TASK ITEM: Each line of the listing, apart from the pictures, is to be printed exactly.

**** DATASET EXTRACT

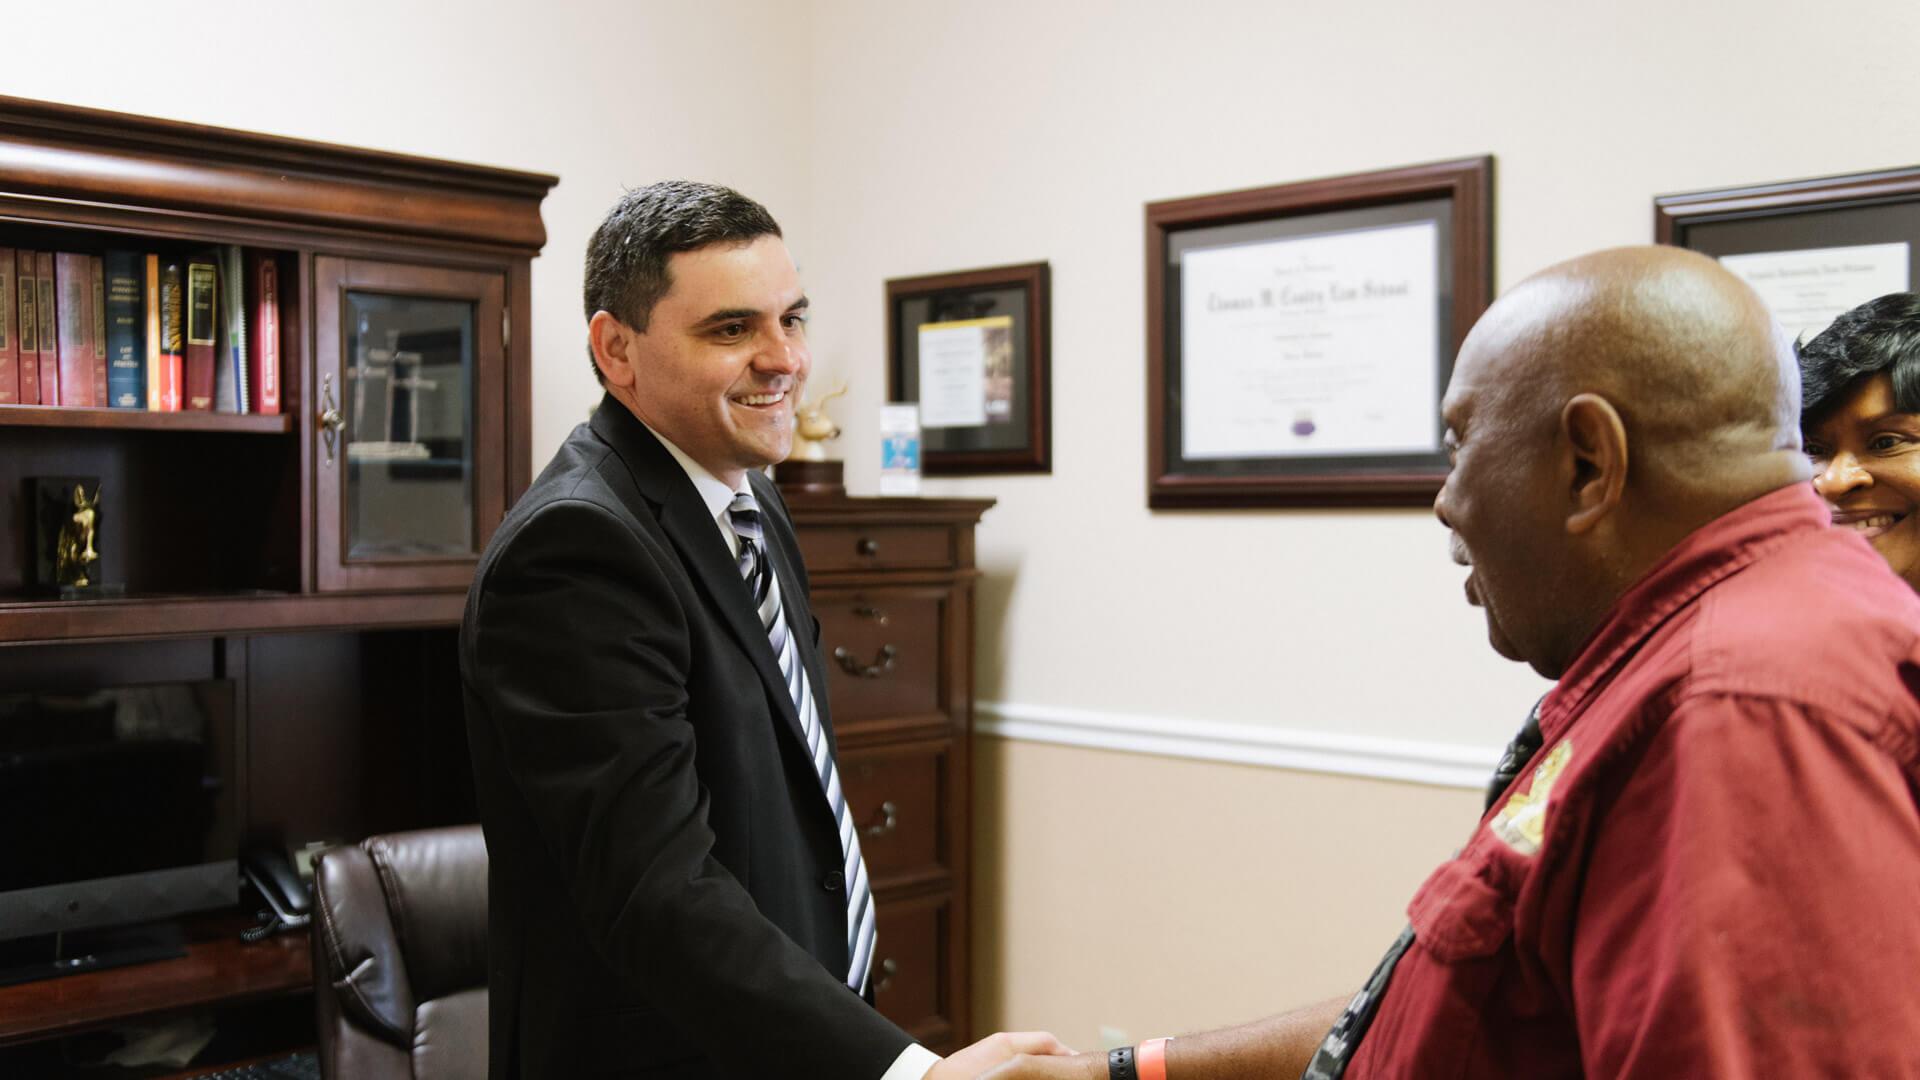 Chris Faucheux shaking hands with client
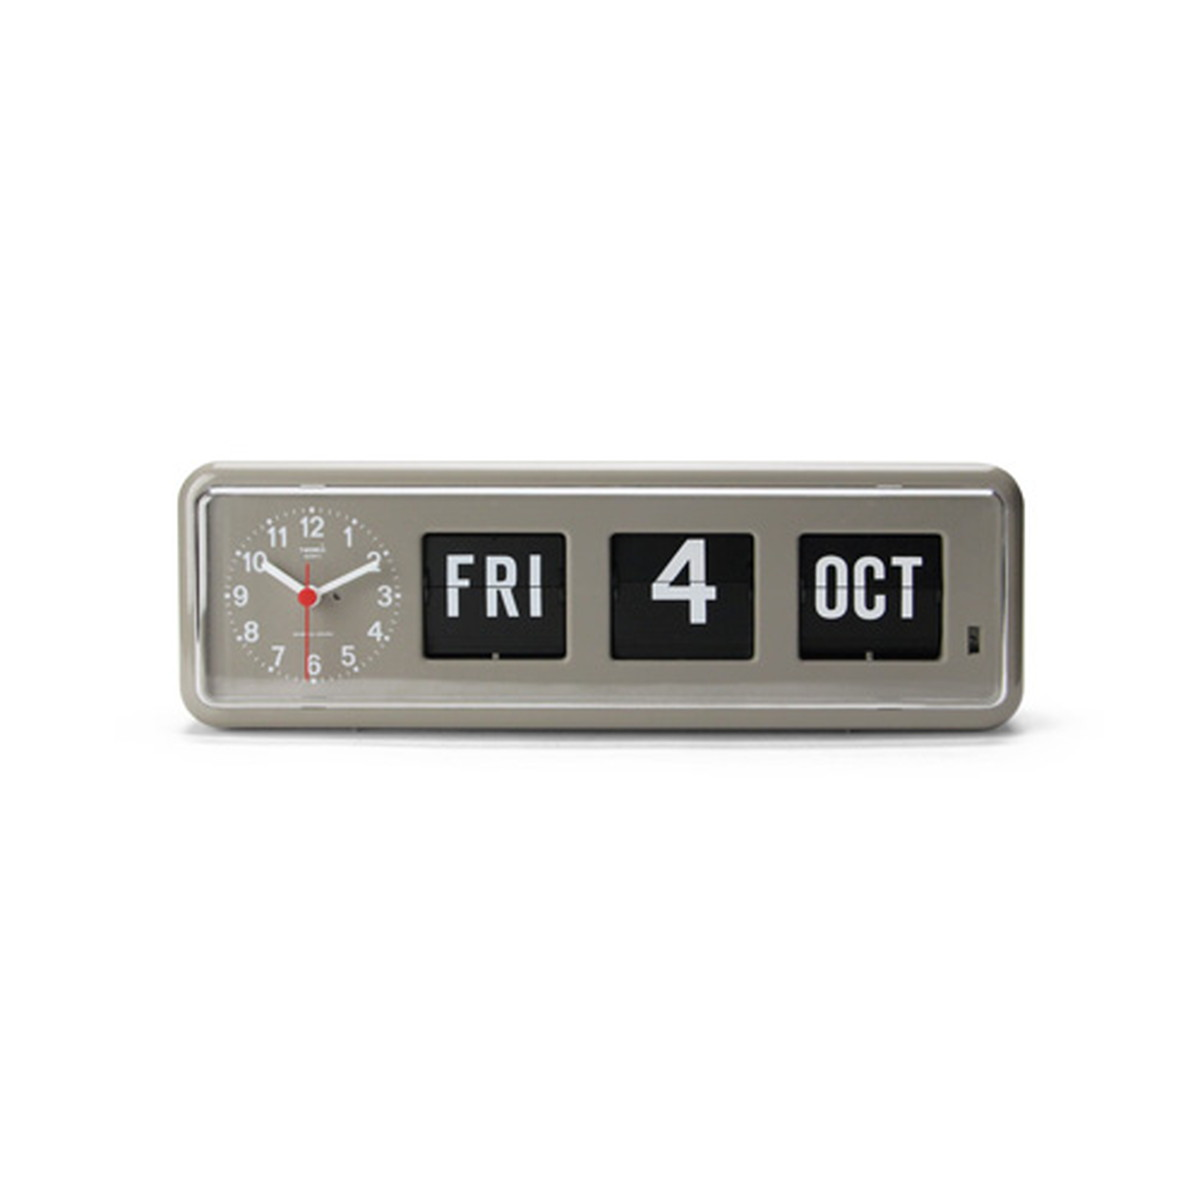 DETAIL INC. - TWEMCO CALENDAR CLOCK BQ-38 GYカレンダー付き時計
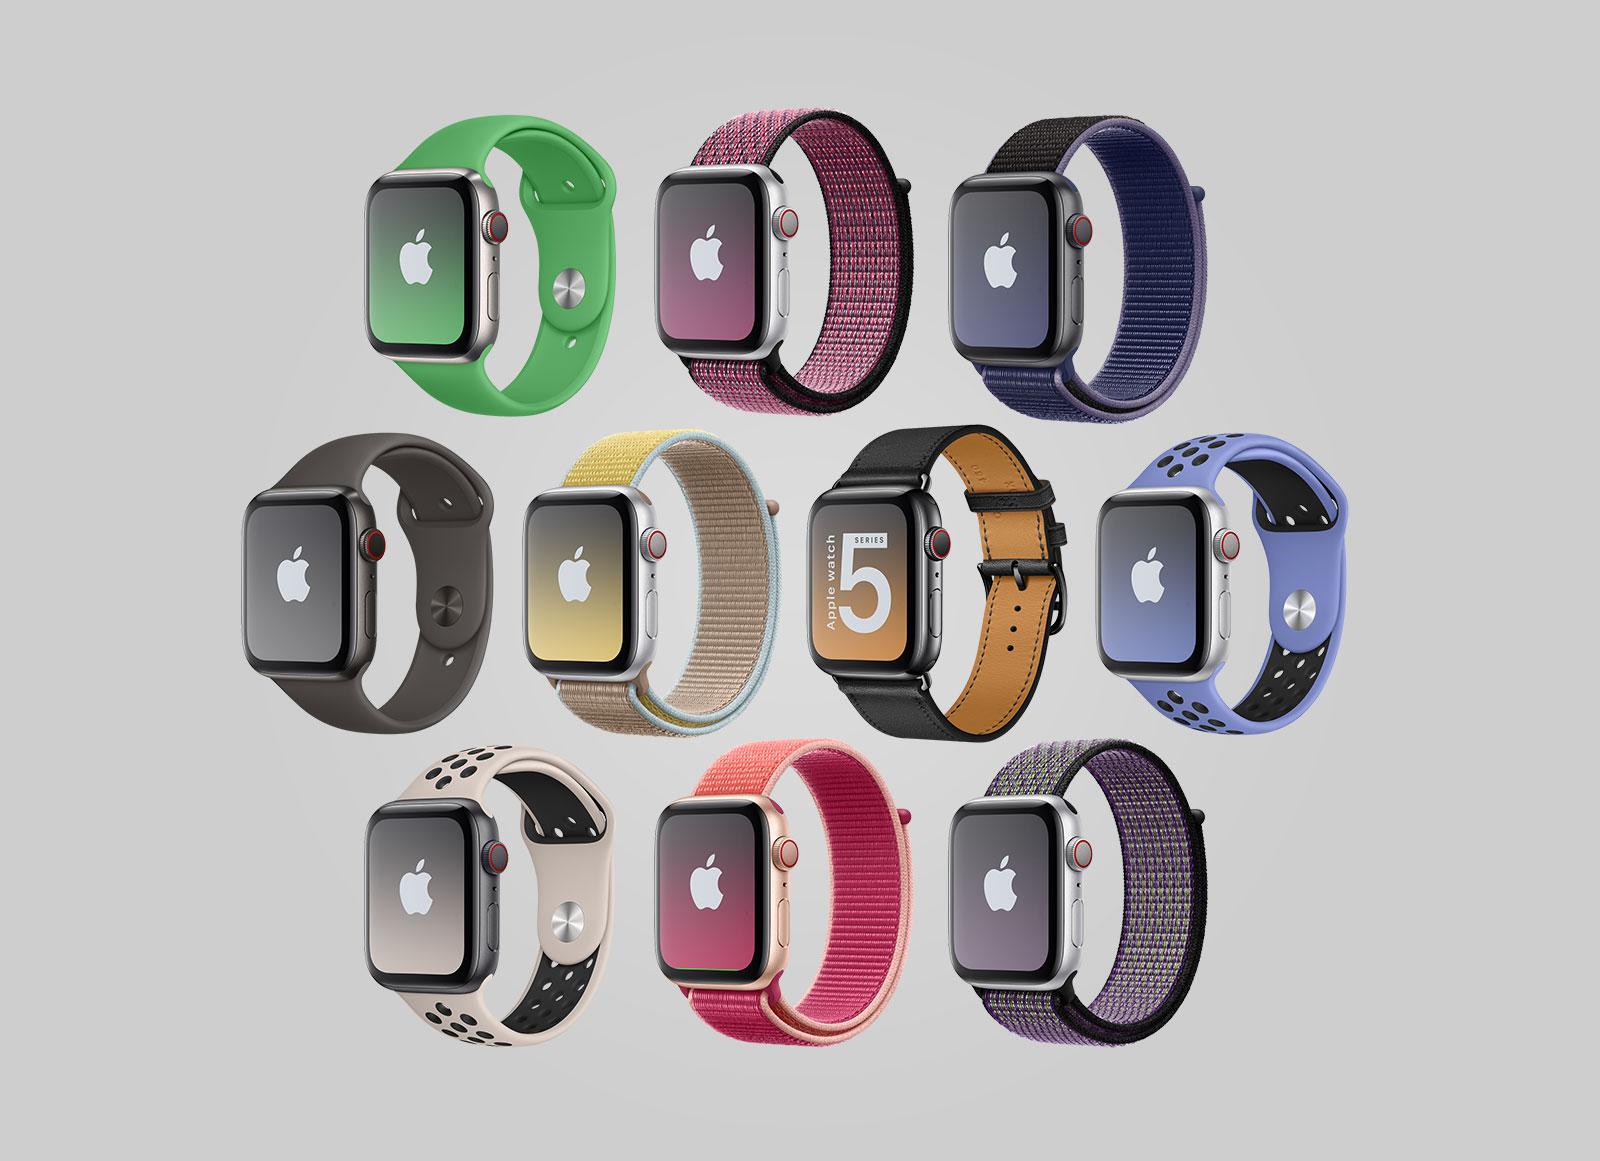 Free-Apple-Watch-Series-5-Mockup-PSD

********

REPLY:
 Chris Faucheux shaking hands with client
 DETAIL INC. - TWEMCO CALENDAR CLOCK BQ-38 GYカレンダー付き時計
 Free-Apple-Watch-Series-5-Mockup-PSD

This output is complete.